McBride Law Blog

SEC Issues an Investor Alert on Social Media and Investing (Part III)

McBride Law Blog

// Staff of the Firm // No Comments »

SEC v. McKeown.

On June 23, 2010, the Securities and Exchange Commission (“SEC”) filed an emergency action to enjoin Carol McKeown and Daniel F. Ryan, a Montreal-based couple, and their companies from using a website and social media to tout U.S. companies.[1]  According to the SEC, since at least April 1, 2009, Ryan and McKeown owned and operated the website www.PennyStockChaser.com (“PennyStockChaser”), which held itself out as a securities research firm.  The SEC said that, in 2009 alone, Ryan and McKeown used the website to make more than 65 penny stock recommendations, which generally refers to a security issued by a very small company that trades at less than $5 per share and, thus, is considered speculative by nature.[2]  The SEC said McKeown also posted messages on Twitter concerning the stock recommendations published on PennyStockChaser.

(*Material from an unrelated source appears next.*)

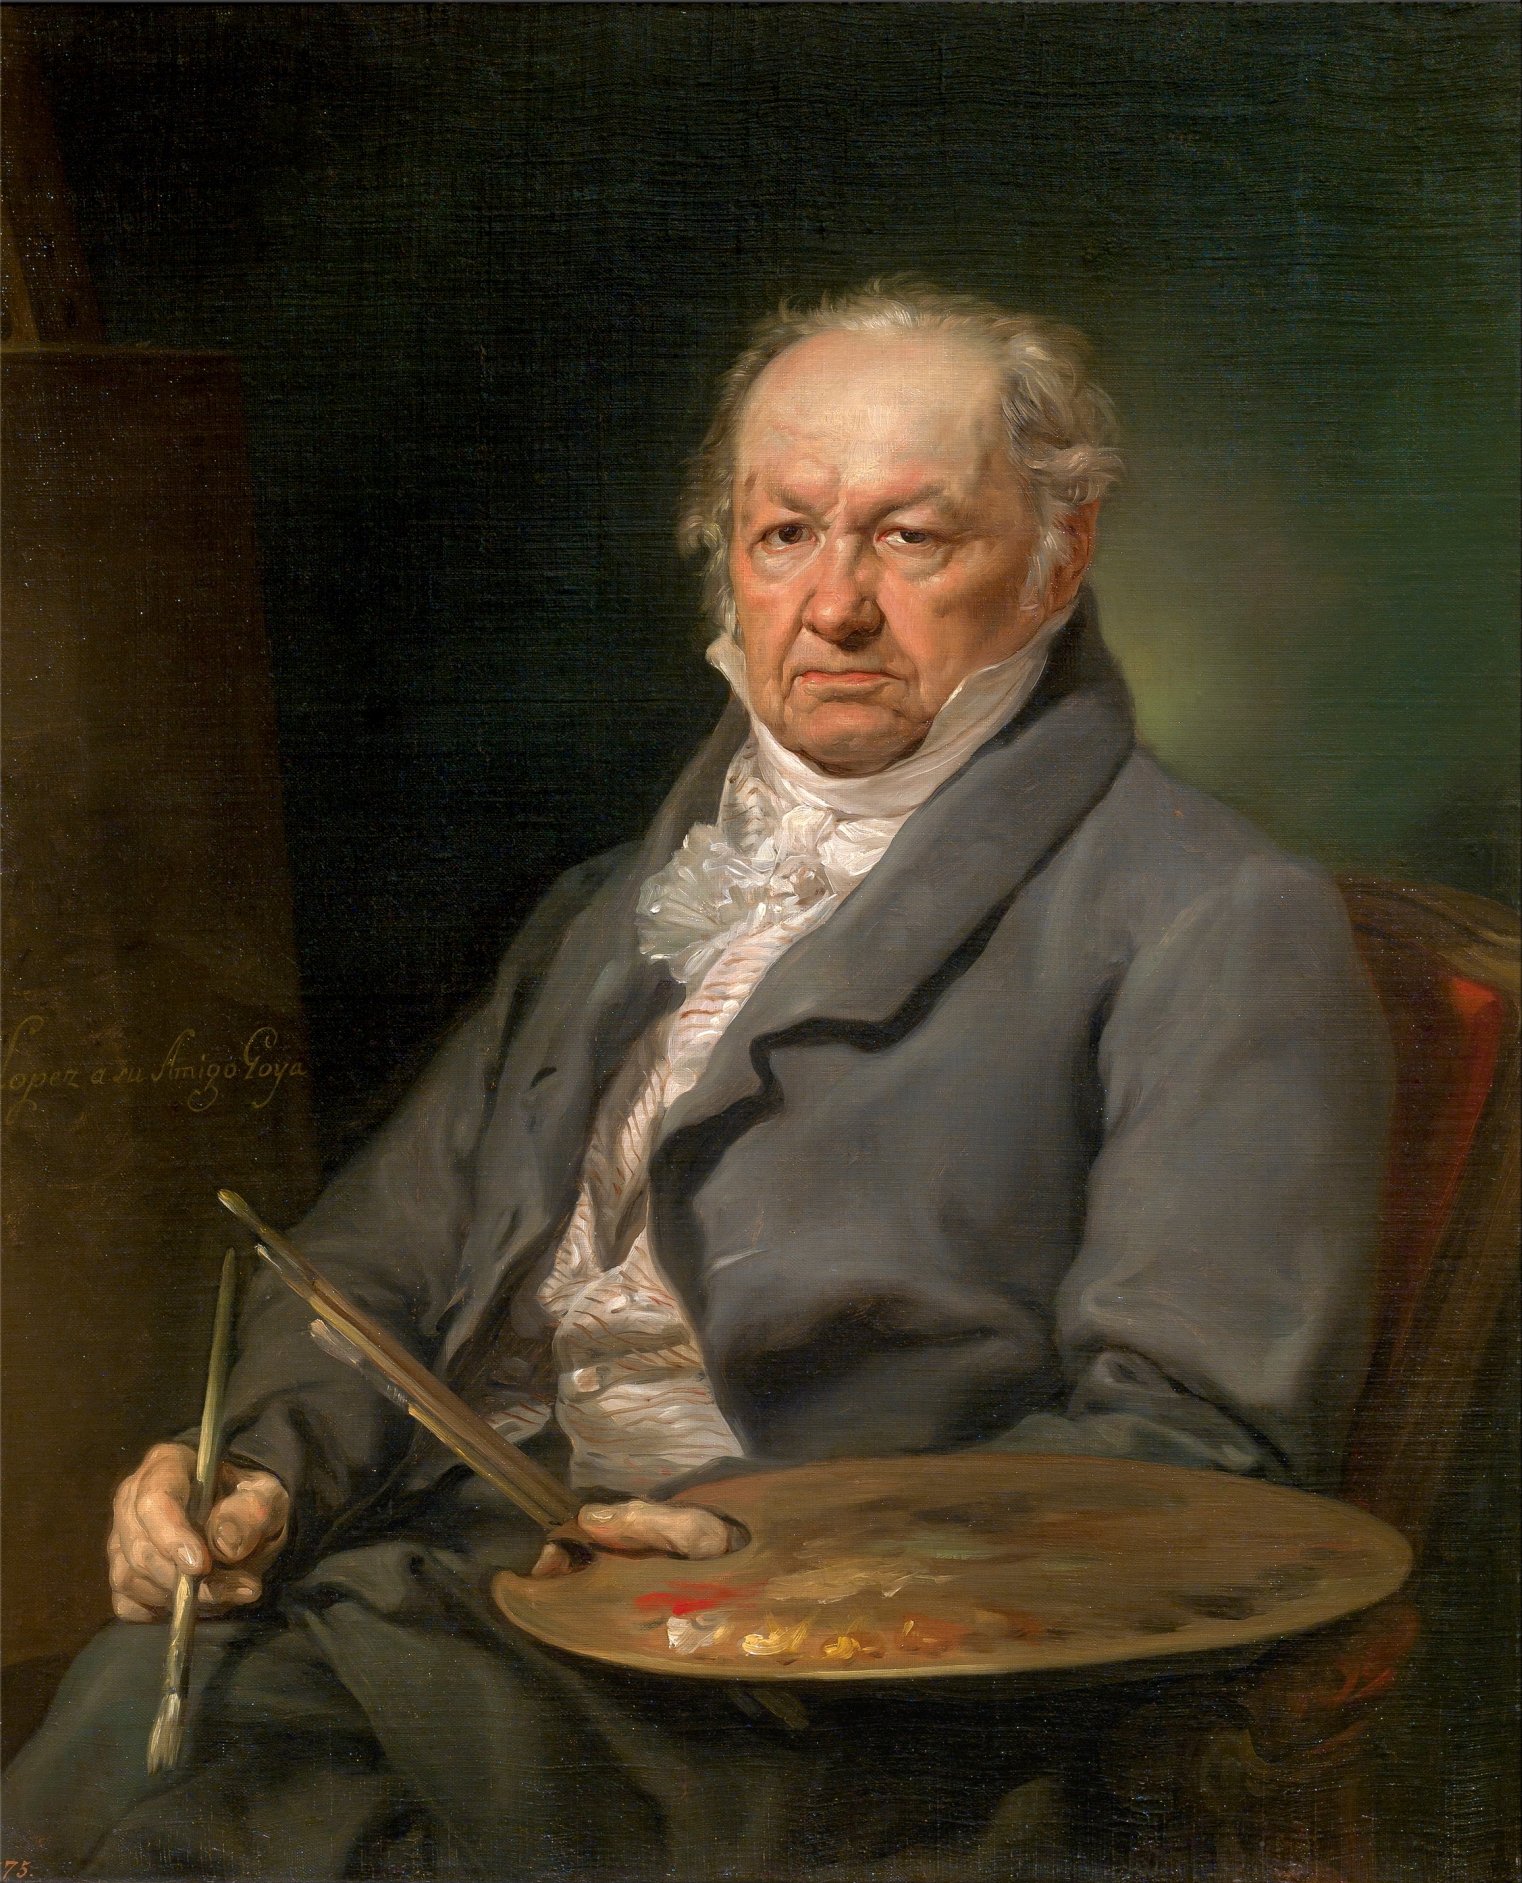 Portrait of Goya by Vicente López Portaña, c. 1826. Museo del Prado, Madrid.

The SEC alleged that, as compensation for the defendants’ touting, Downshire Capital Inc. (“Downshire”) and Meadow Vista Financial Corp. (“Meadow Vista”), two companies controlled by Ryan and McKeown, received shares of the touted companies from those companies’ affiliates or third parties and sold them on the open market, while simultaneously predicting massive price increases for the touted companies, a practice known as “scalping.”  The SEC also alleged that Ryan and McKeown purchased shares of the stock they touted on PennyStockChaser and sold them for profits after their promotional campaigns inflated the stock prices.  According to the SEC, Ryan and McKeown failed to adequately disclose their conflict of interest.  Specifically, the SEC said, the PennyStockChaser website stated only that it “may be selling shares of stock at the same time the profile is being disseminated to potential investors; this should be viewed as a definite conflict of interest and as such, the reader should take this into consideration,” when in fact the defendants had regularly been selling massive quantities of the stock they touted on the website.

To give you an example of how the defendants touted and illegally profited from such activity, the SEC said, between May and June 2009, the defendants promoted the stock of Converge Global, Inc., a Utah corporation (“Converge”), on PennyStockChaser at least four times, as follows: “[Converge] . . . Up 16% on Friday – Ready to Move Higher . . . . [Converge] has the potential to jump 500%”; “[Converge] shares rose over 400% since our last alert.  We recommend [Converge] to our members at $.022. . . .”; “[Converge] shares moved from our recommendation at $.02 to a high of $0.044 that is a 2100% increase;” and “[Converge] IS WAY TO LOW [sic] . . .  [Converge] IS ON NEWS WATCH !!! . . . .”  The SEC alleged that Converge’s stock prices and trading volume increased significantly as a result of this promotional campaign, jumping from 1.9 to 2.2 cents a share to as high as almost 4 cents a share between May 11 and 29, 2009.  Around the same time, the SEC said, the defendants sold almost 6.3 million shares of Converge stock for approximately $602,000 in net proceeds.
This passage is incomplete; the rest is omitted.